その理由は、「Box」というプロダクトの特殊性にあった。

「ファイル管理とセキュリティ管理を主な機能とする『Box』は、アプリケーションというよりもインフラに近いプロダクトです。インフラとして導入していただくのなら、IT部門にセールスをかけた方がいい。だとすれば、数多くの企業のIT部門と深く関わっている大手SIerと一緒に営業する方が、一気に普及を拡大できるのではないかと考えました」と古市社長は明かす。

 また、業務ごとの用途に特化されたアプリケーションであれば、ターゲットやセールス方法も明確なので直販しやすいが、「Box」は多様な使い方ができる半面、「どの業務で、どう使ったらいいのか」が分かりにくく、的を絞った営業がしにくいという弱点がある。その点、「各企業に深く入り込み、お客さまの信頼を得ているSIerと一緒に営業に行けば、お客様の困り事を聞きやすく、それさえ聞ければ的を絞った提案ができる」とも期待した。

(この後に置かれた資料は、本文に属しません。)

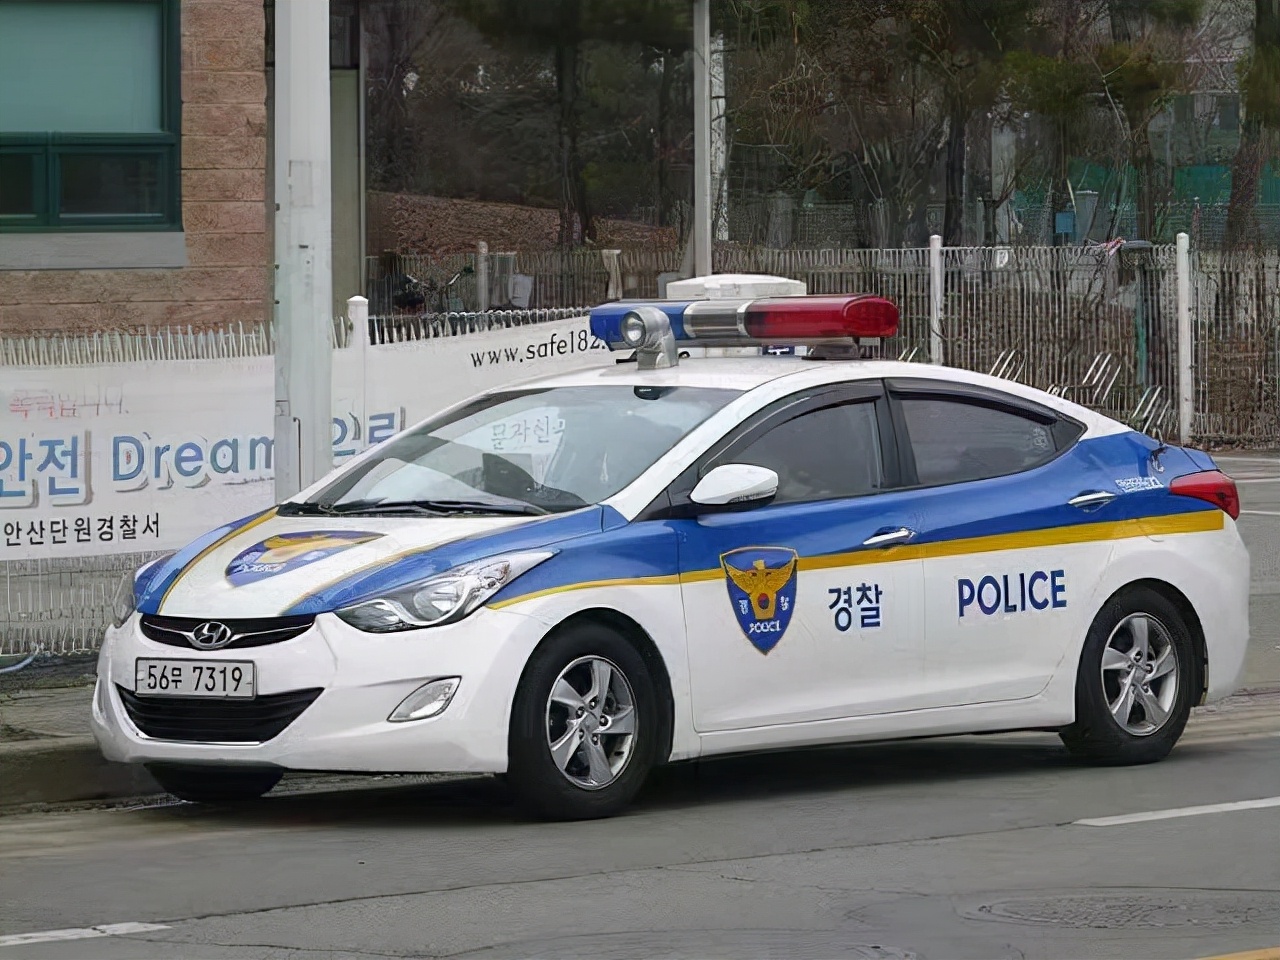 现代汽车早已经火遍全球,作为韩国的本土品牌自然也是警车的不二选择
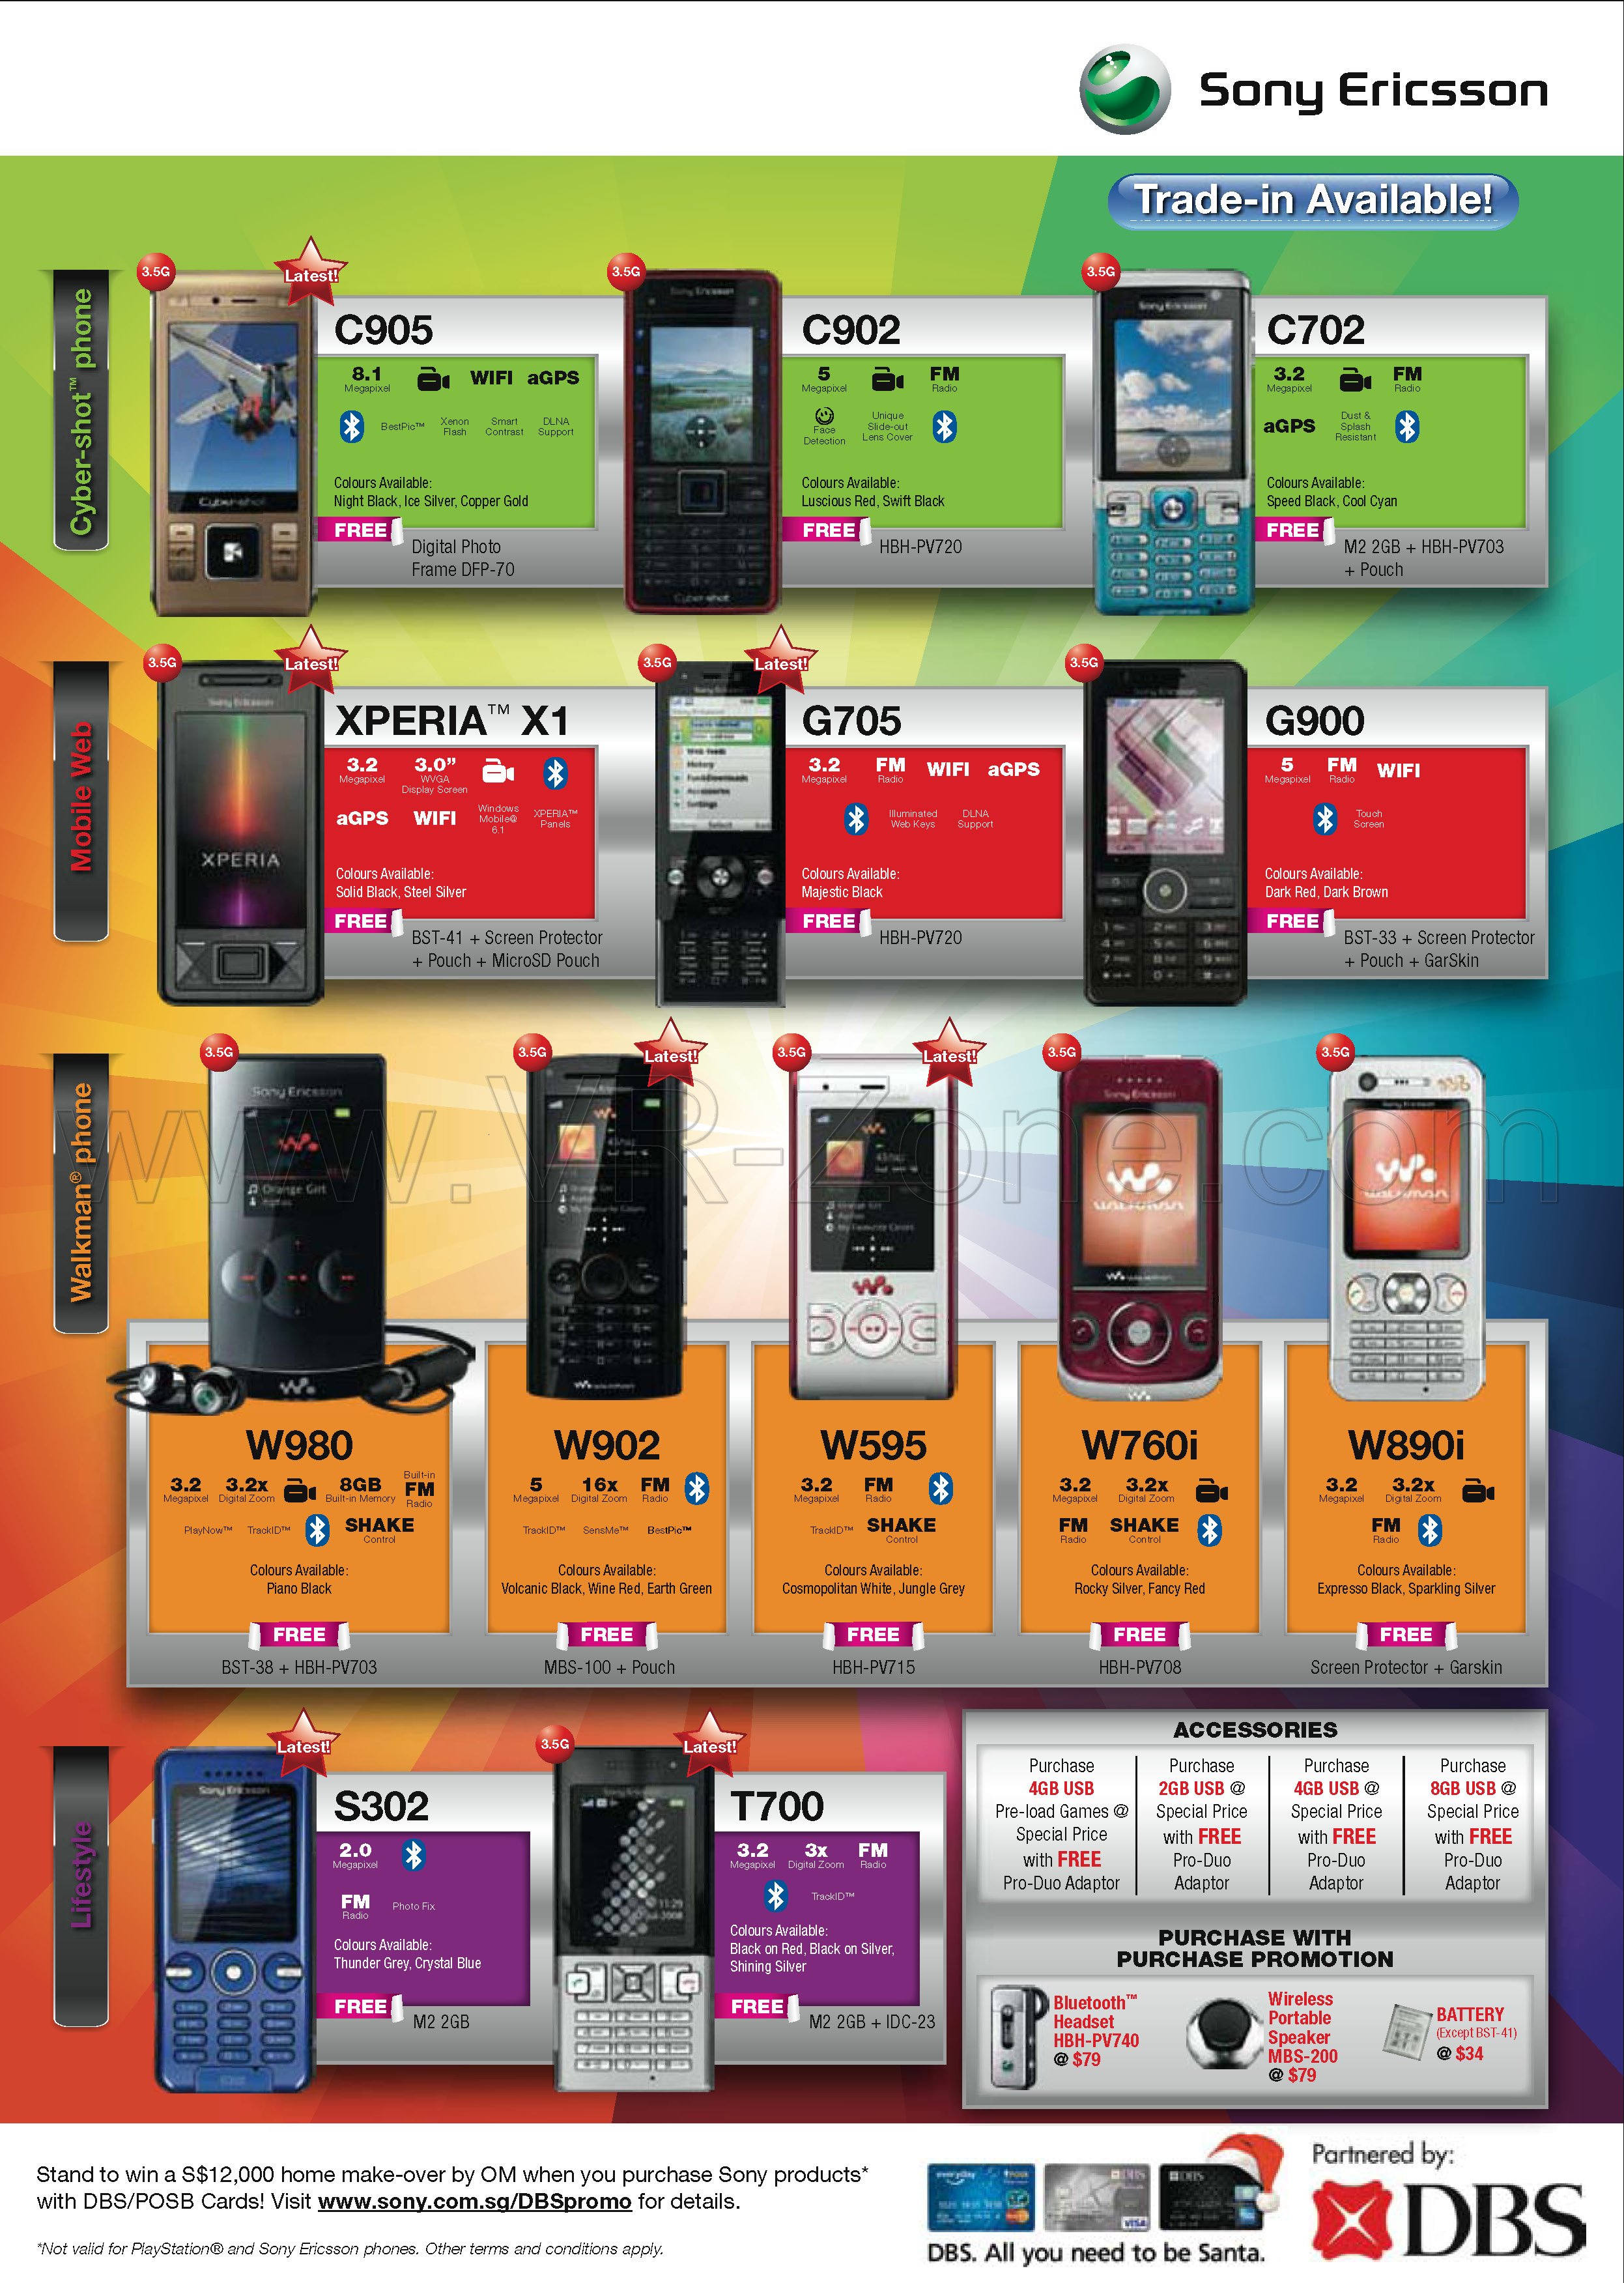 Sitex 2008 price list image brochure of Sony Ericsson

 このように、あえて「日本流」の営業活動を採用したことが、わずか10年で急成長を遂げる大きな力になった。

社員に当事者意識を持たせ、やる気を引き出す

「シリコンバレー企業と日本企業の『いいとこ取り』」という古市社長の考え方は、Box Japanの人材活用にも生かされている。

 例えば、他の外資系日本法人の場合、人材の採用・評価は営業やマーケティング、エンジニアリングといった部門ごとに行われることが多い。本社の各部門にレポーティングする必要があるため、人材の採用・評価も縦割りになってしまう傾向がある。

 しかし、「設立して間もなく、社員数も少ない現地法人では、部門の垣根を越えて人材同士が緊密に連携を図っていかないと業務が回りません。そこで、あえて部門ごとに縦割りにはせず、法人全体として人材を採用・評価する『日本流』の人事制度を取り入れました」と古市社長は説明する。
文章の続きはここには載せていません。